The reason I said it was not a good example is because of ambiguity as to its meaning. Experts are divided in their opinion.

In the 13th century it was used in a positive sense – abundant, plentiful, etc.

By the 18th century it was used almost exclusively in a negative sense – loathsome, excessive, insincere, etc.

The word then went out of use but made a comeback in the early 20th century when its original meaning was revived.

Therefore, it can be understood in either a positive or a negative sense, depending on context.


----------



## Purple (5 Dec 2016)

I'm guilty of the odd grammatical and punctuation error but the one that bugs me is the use of the word left instead of let; "He was left off the charge". "She was left go".
Pacifically instead of specifically also bugs me.


----------



## PaddyW (5 Dec 2016)

On route.


----------



## amtc (9 Dec 2016)

I was talking about this with my friends. I was never taught English grammar...we had a French teacher who ended up teaching us the basics, so bizarrely I learnt English through French. Can't speak too much French, mind you. Writing is my career.  But I read lots and I think that helped. 

Myself and my friends have fascinating chats as to one flounders or founders...or mitigates or mitigates against...

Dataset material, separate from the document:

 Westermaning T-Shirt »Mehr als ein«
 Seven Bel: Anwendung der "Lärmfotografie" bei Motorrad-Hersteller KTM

I am going out tomorrow night. otherwise I will get the cat.


----------



## amtc (9 Dec 2016)

I worked in a major semi state and wrote out a post it for the webmaster as to its, it's and its'. he has it framed still


----------



## Sophrosyne (10 Dec 2016)

I wasn’t going to indulge further but …


Sprout to catch a salmon

In anyway

Myself personally

Excape

Bronnical

Indunated

Right- as in “I went down to the pub, right! Then, I had a pint, right!

People who don’t consider a thing told unless they have said it several times sequentially, particularly when they know one is pressed for time - very sad, yeah very sad, very sad.

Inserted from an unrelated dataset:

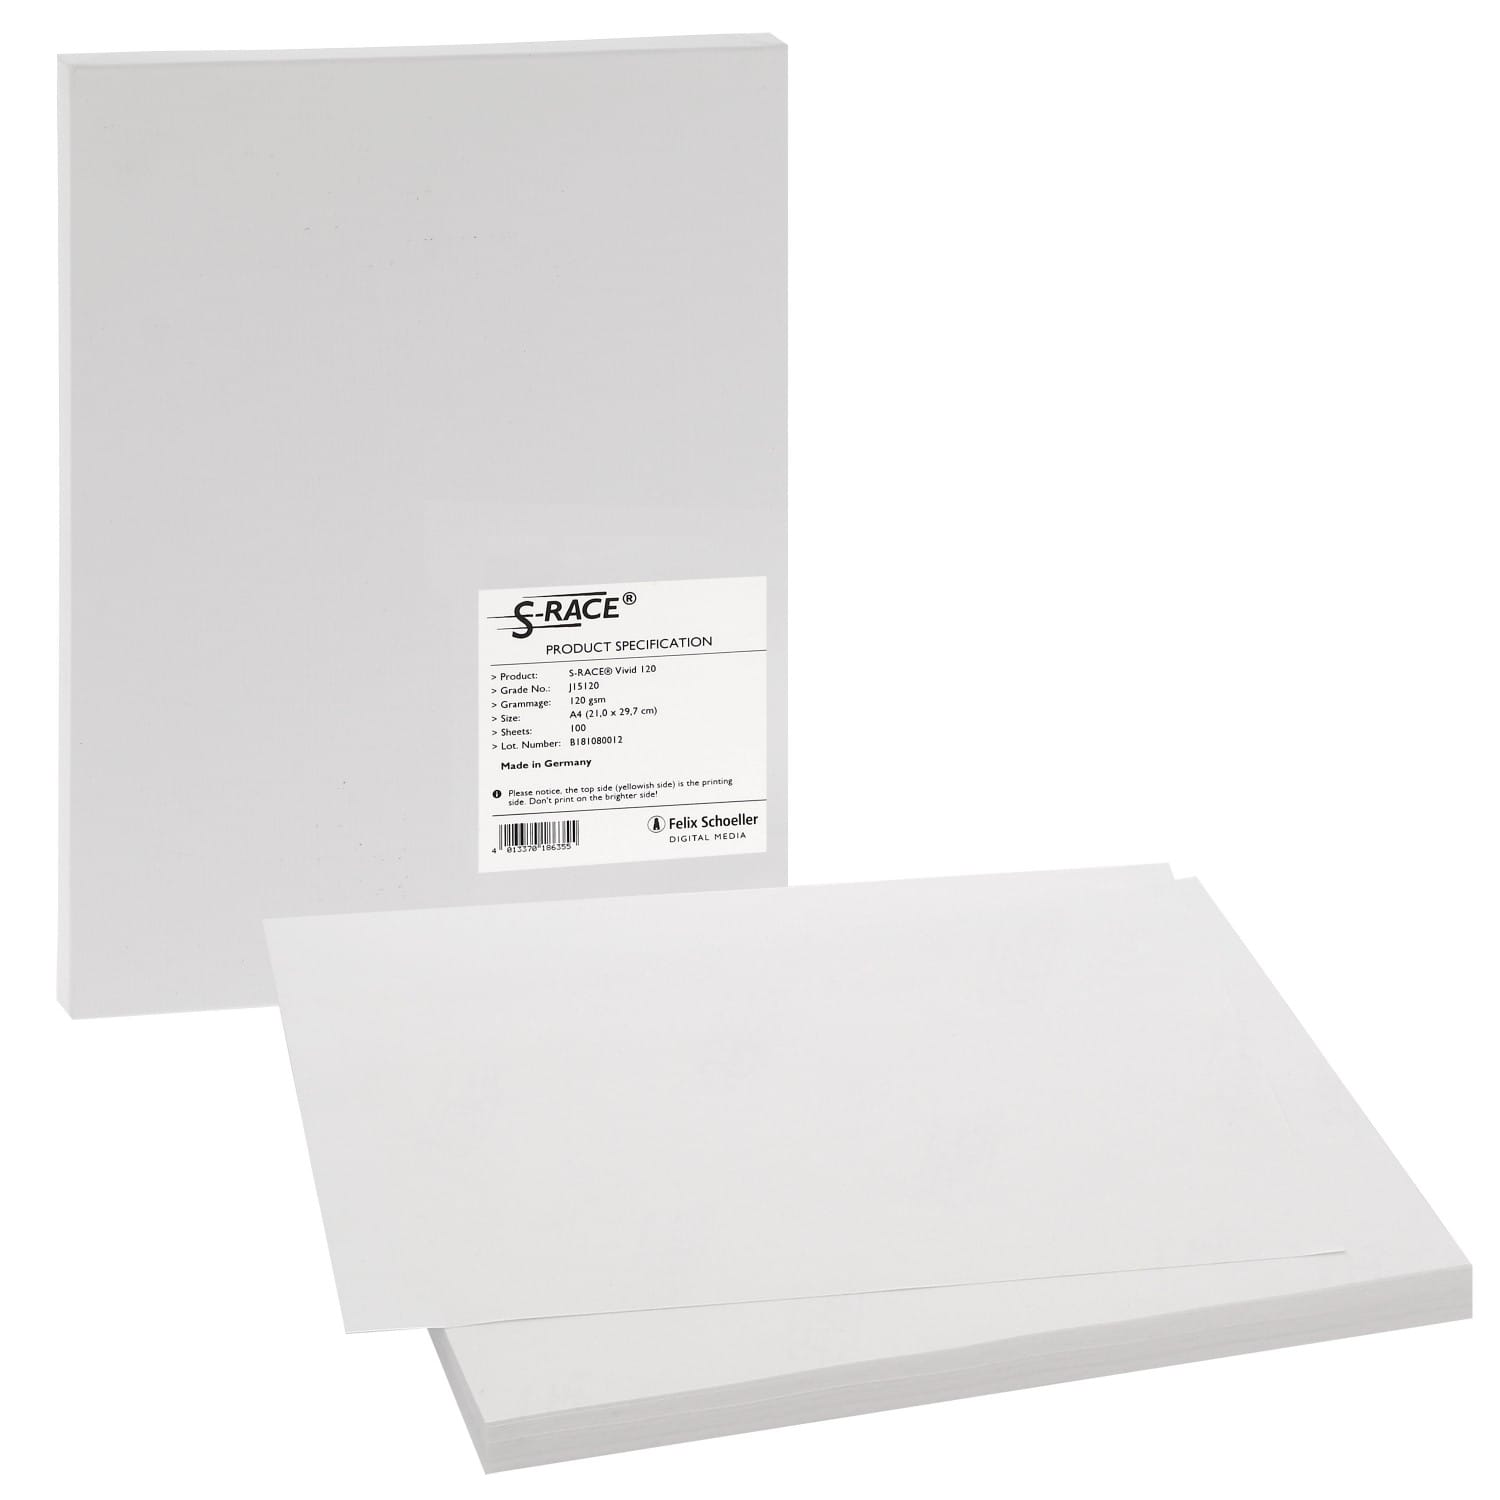 Papier sublimation CANSON Digital Creative Transfert pour T-shirt blanc  140g - A4 (21x29,7cm) - 10 feuilles

Depend*a*nts, the noun and depend*e*nt, the adverb

Use of obscure acronyms or abbreviations

Overuse of idiotic buzzwords

As for use of arcane industry-related words and phrases, which become more arcane when statements are challenged, should we revive Bullshit Bingo?


----------



## Dan Murray (11 Dec 2016)

Some funny contributions above - my favourites, so far, being....
on route, very unique, and the absolute corker in the context outlined by Mathepac........the gardai are proactive in solving crime!

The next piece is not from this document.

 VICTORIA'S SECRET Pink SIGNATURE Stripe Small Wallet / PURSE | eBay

My original idea was to quote sins, found on this site, verbatim - so not being stubborn, right, but myself personally, feels like this is like the right thing to do, in anyway. Right thing to do, right thing....

Grammar
1. The Unionist establishment were....
2. Each to their own

Dodgy spelling
1. Euphonism
2. Soyonara


----------



## wednesday (11 Dec 2016)

sangwitch or samwitch instead of sandwich,
but my biggest bugbear is somethink instead of something....Gordon Ramsay, for shame!


----------



## michaelm (12 Dec 2016)

amtc said:


> Usual yours and you're


I had a modest lie-in on Sunday due to man-flu . . I sent my wife a text saying "can you make you're [sic] husband a cup of tea?" . . how sad is it that I found that funny?


----------



## PaddyW (12 Dec 2016)

Hate when people say 'You know that kinda way?'. No, no I don't.

Or people that finish every sentence with 'Yeah?'. Seriously bugs me.


----------



## Purple (12 Dec 2016)

amtc said:


> Myself and my friends have fascinating chats as to one flounders or founders...or mitigates or mitigates against...


My friends and I...


----------



## Purple (12 Dec 2016)

I have hear "thrun" instead of "thrown" used in certain parts of Dublin.


----------



## Gerry Canning (12 Dec 2016)

watts yousins on bout plea,s

pss hoppy Xmiss.


----------



## Purple (13 Dec 2016)

Gerry Canning said:


> watts yousins on bout plea,s
> 
> pss hoppy Xmiss.


an hopefully ye's wont be inna bleedin jocker after yer dinnir.


----------



## Purple (13 Dec 2016)

Punctuation is also very important.
Read the following and then remove the comma;
"I helped my uncle Jack, off a horse."


----------



## Betsy Og (13 Dec 2016)

Purple said:


> Punctuation is also very important.
> Read the following and then remove the comma;
> "I helped my uncle Jack, off a horse."



Radio newsreaders are awful for this - no, not the horse thing - but rather running sentences together without any full stop. I should try to remember one and reproduce it here but basically I'm listening and end up going (hah??), and then realise the latter part of that line is a new story, not a fact pertaining to the previous story. Bearing a marked resemblance to two short planks leads to me going - Hah??? - quite a bit.


----------



## Seagull (14 Dec 2016)

Betsy Og said:


> Radio newsreaders are awful for this - no, not the horse thing - but rather running sentences together without any full stop. I should try to remember one and reproduce it here but basically I'm listening and end up going (hah??), and then realise the latter part of that line is a new story, not a fact pertaining to the previous story. Bearing a marked resemblance to two short planks leads to me going - Hah??? - quite a bit.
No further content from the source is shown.